HARUTOMO Takeyama bersama 26 karateka lainnya mengabdi untuk
perguruan Kyokushinkai. Sudah dua tahun ia menjadi uchideshi --
sebutan untuk para pengabdi. Pengorbanannya itu tak sia-sia. Ia
menjadi juara pertama Kejuaraan Internasional Kyokushinkai
Karate II di Istora Senayan, Jakarta, 20 Juni.
Menyandang Dan II, Takeyama dalam final mengalahkan rekan
senegaranya Atsuya Aoki. Di babak awal pertandingan yang memakai
sistem kontak langsung ini Takeyama sempat dihajar karateka
Indonesia Hendri. Dan grogi.
Bagi Takeyama baru ini suksesnya yang pertama di gelanggang
internasional. Di Jepang, kelas Takeyama adalah kelas B, satu
tingkat di bawah ketrampilan jago Kyokushinkai seperti Makoto
Nakamura dan Kenji Senpei -- keduanya pernah menjadi juara
dunia. Senpei adalah kampiun Kejuaraan Karate Dunia 1979.
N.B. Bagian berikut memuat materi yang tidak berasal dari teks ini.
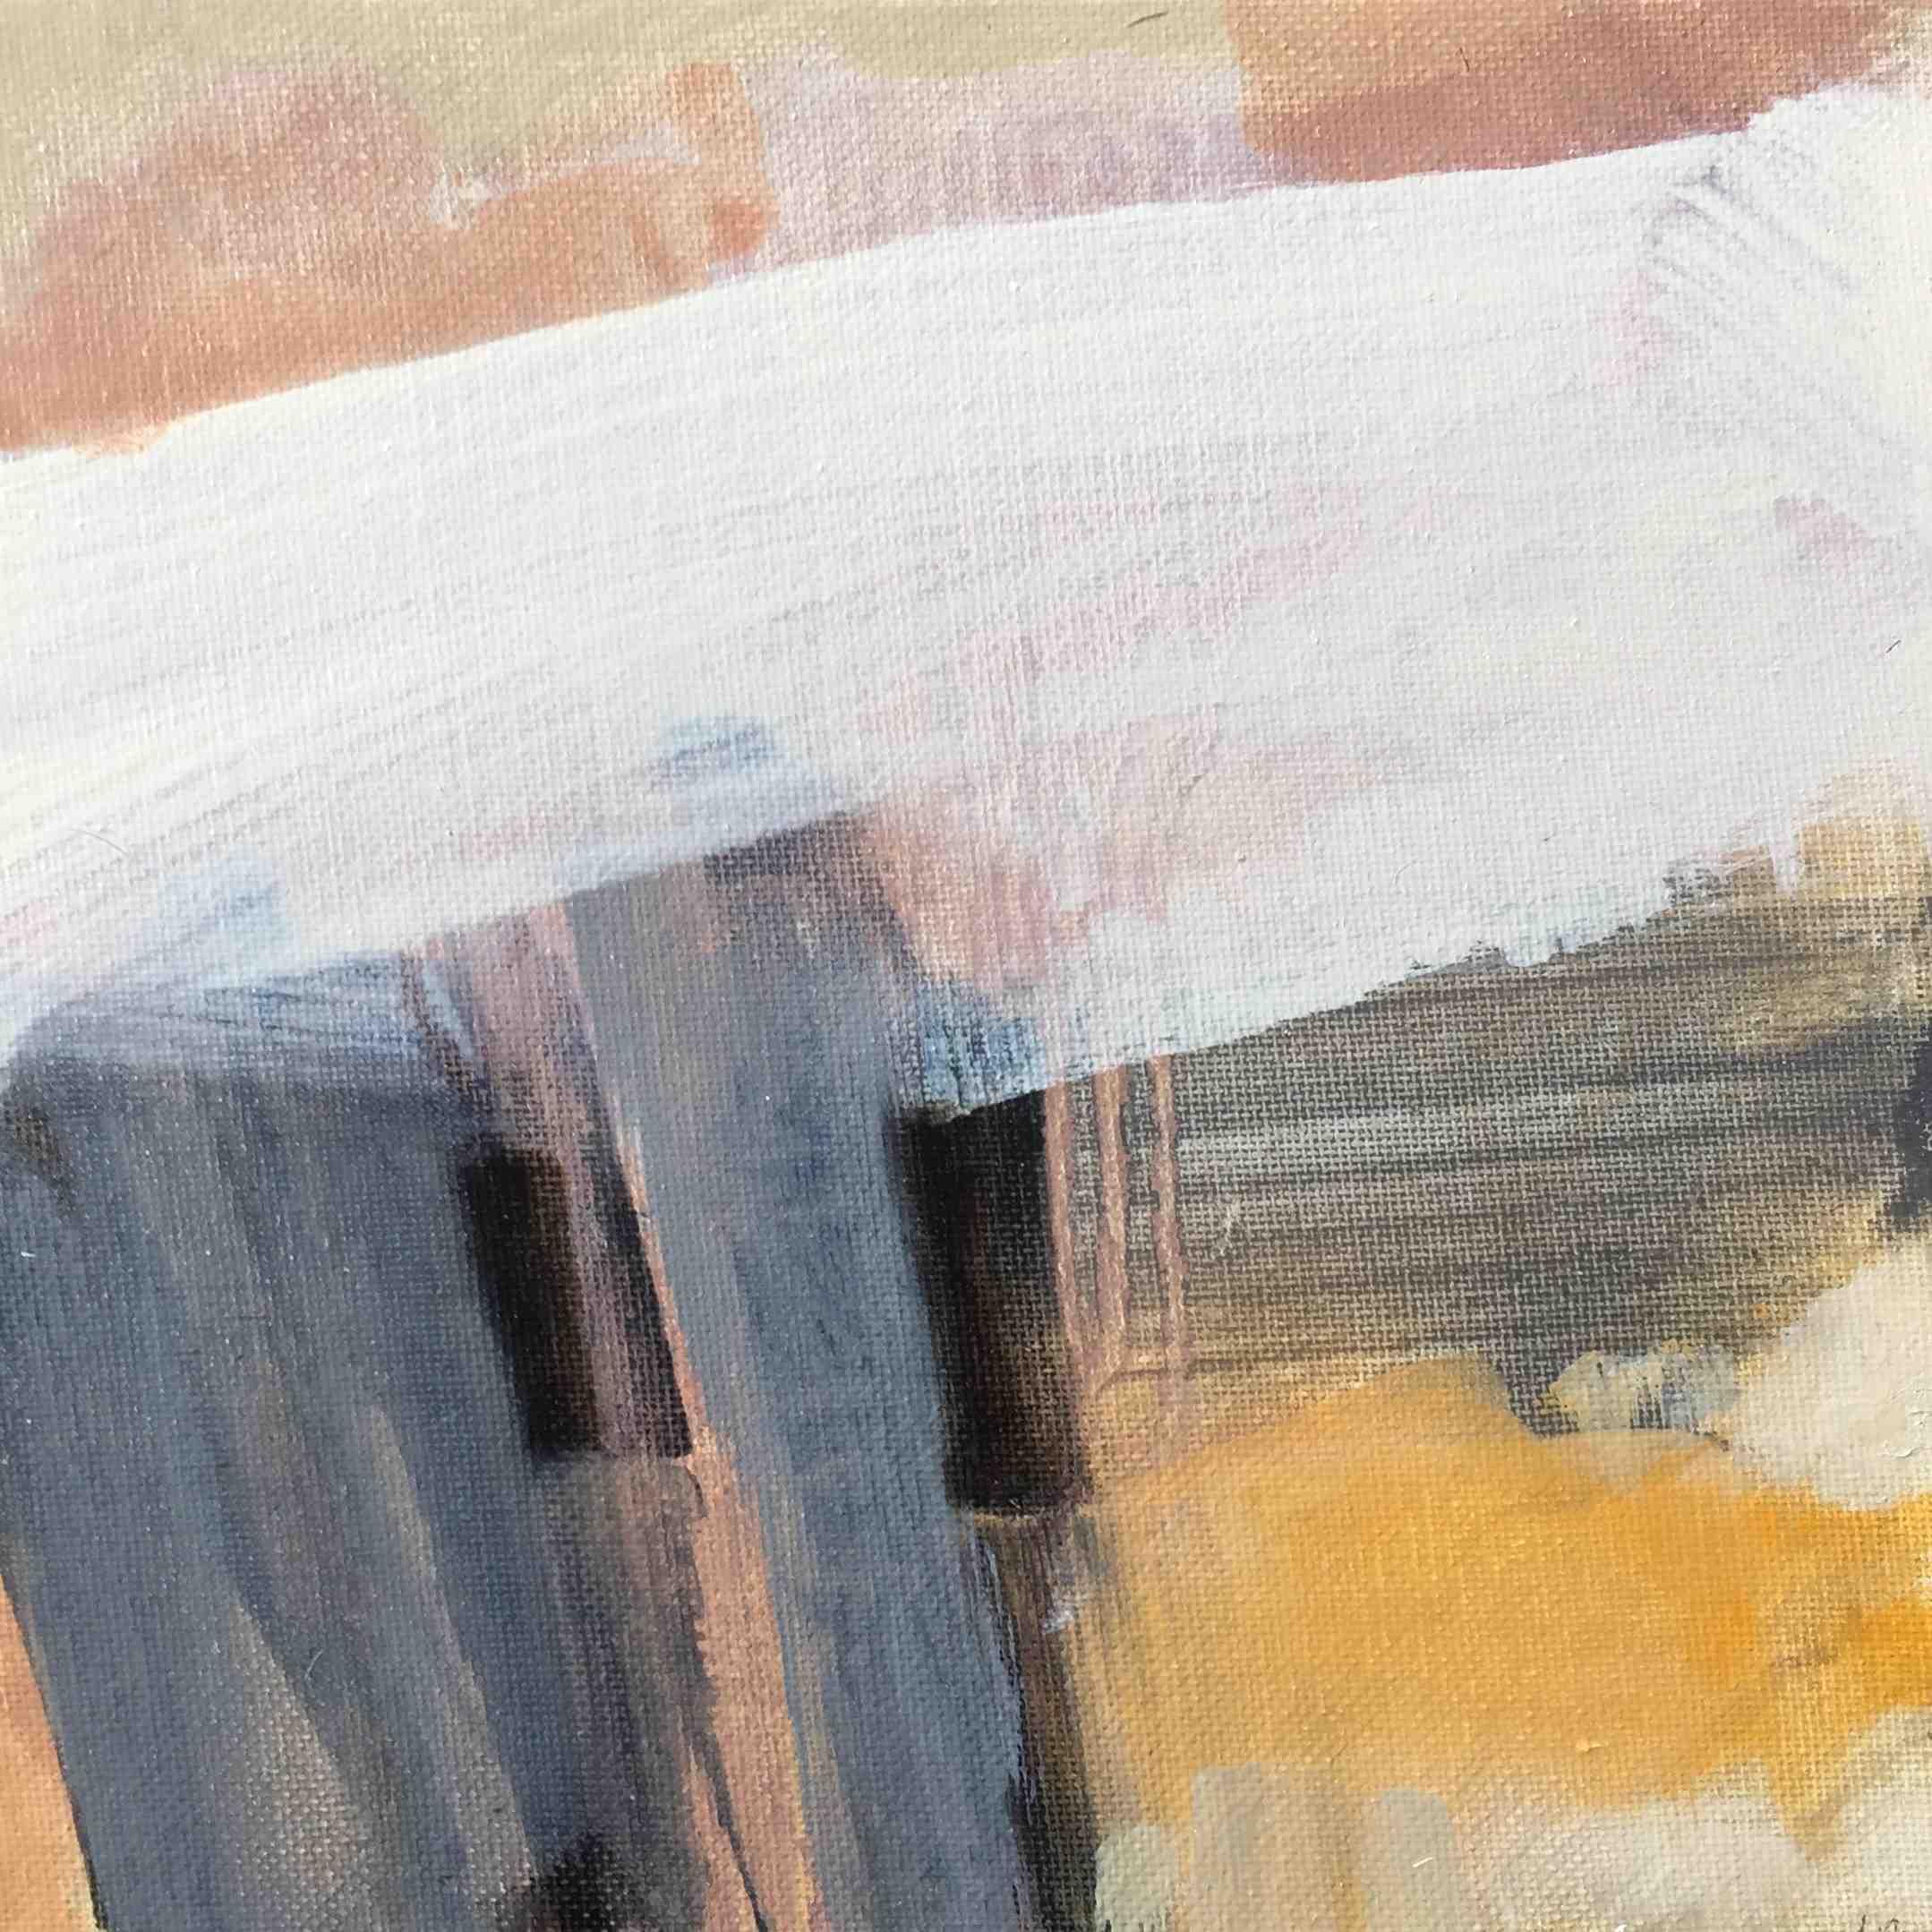 Leah Beggs, High Rise, oil on canvas, 20 x 20 cm

Takeyama, tinggi 176 cm dan berat 83 kg, dilatih keras di dojo
(tempat latihan) pusat Kyokushinkai di Tokyo. Pendiri
Kyokushinkai, Master Mas Oyama sendiri turun tangan membinanya
dan uchideshi lainnya. Para pengabdi ini berlatih enam jam
sehari, enam hari setiap pekan. "Pokoknya selama di dojo tak ada
waktu untuk pacaran," kata Takeyama, 22 tahun.
Lembaga uchideshi ini dibentuk Oyama, 10 tahun silam. Ia menempa
karateka bermutu dan sekaligus menjadi pewaris Kyokushinkai.
"Tiap tahun peminatnya mencapai 200 orang. Yang diterima paling
banyak 10 orang," cerita Takeyama.
Syarat menjadi pengabdi, antara lain berijazah Sekolah Lanjutan
Tingkat Atas (SLTA), umur tak lebih dari 22 tahun, tinggi
minimal 170 cm dan berat 70 kg. Tidak pernah belajar karate
tidak menjadi masalah. Para calon mengikuti ujian yang diawasi
langsung oleh Oyama.
Pendidikannya selama tiga tahun. Tiap bulan pesertanya membayar
uang asrama dan makan sebanyak Rp 45.000.
Crew Cut
Setiap uchideshi baru menjalani masa percobaan selama tiga bulan
setelah lulus tes. Masa pembayatan ini, menurut Takeyama, penuh
"penderitaan". Tak ada hari yang dilewati tanpa latihan. Banyak
yang lari malam dari dojo dan tak kembali lagi. "Angkatan saya
waktu diterima jumlahnya delapan orang. Sekarang tinggal dua
orang," kata Takeyama.
Selama di dojo mereka dilarang merokok, minum sake, nonton
televisi. Pengabdi baru dibotakin. Mereka yang tingkatannya
lebih tinggi boleh berambut crew cut -- pangkas ala militer.
Mengapa menjadi pengabdi Kyokushinkai? "Sebab kami mencintai
karate," jawab Takeyama, putra keempat petani kecil dari
Kagoshima. Dengan orangtuanya, ia hanya bertemu dua minggu dalam
setahun.
Di dojo mereka membersihkan ruang tidur, yang mirip bangsal.
Uchideshi yang terkena piket malah harus membersihkan dojo,
kakus, dapur, bahkan memasak. Selain latihan fisik dan berbagai
jurus karate, mereka juga belajar bahasa Inggris dan filsafat
Konfusius dua kali dalam seminggu.
Pendidikan ini tak hanya diikuti oleh siswa Jepang. Juga
terdapat karateka asing. Dari Indonesia Ketua Kyokushinkai Nardi
T. Nirwanto pernah berlatih di sana, cuma dua bulan. Tapi
latihan jadi pengabdi itu tidak menjamin seorang akan jadi juara
dunia. Nakamura dan Senpei, dua karateka kebanggaan
Kyokushinkai, bukan bekas uchideshi.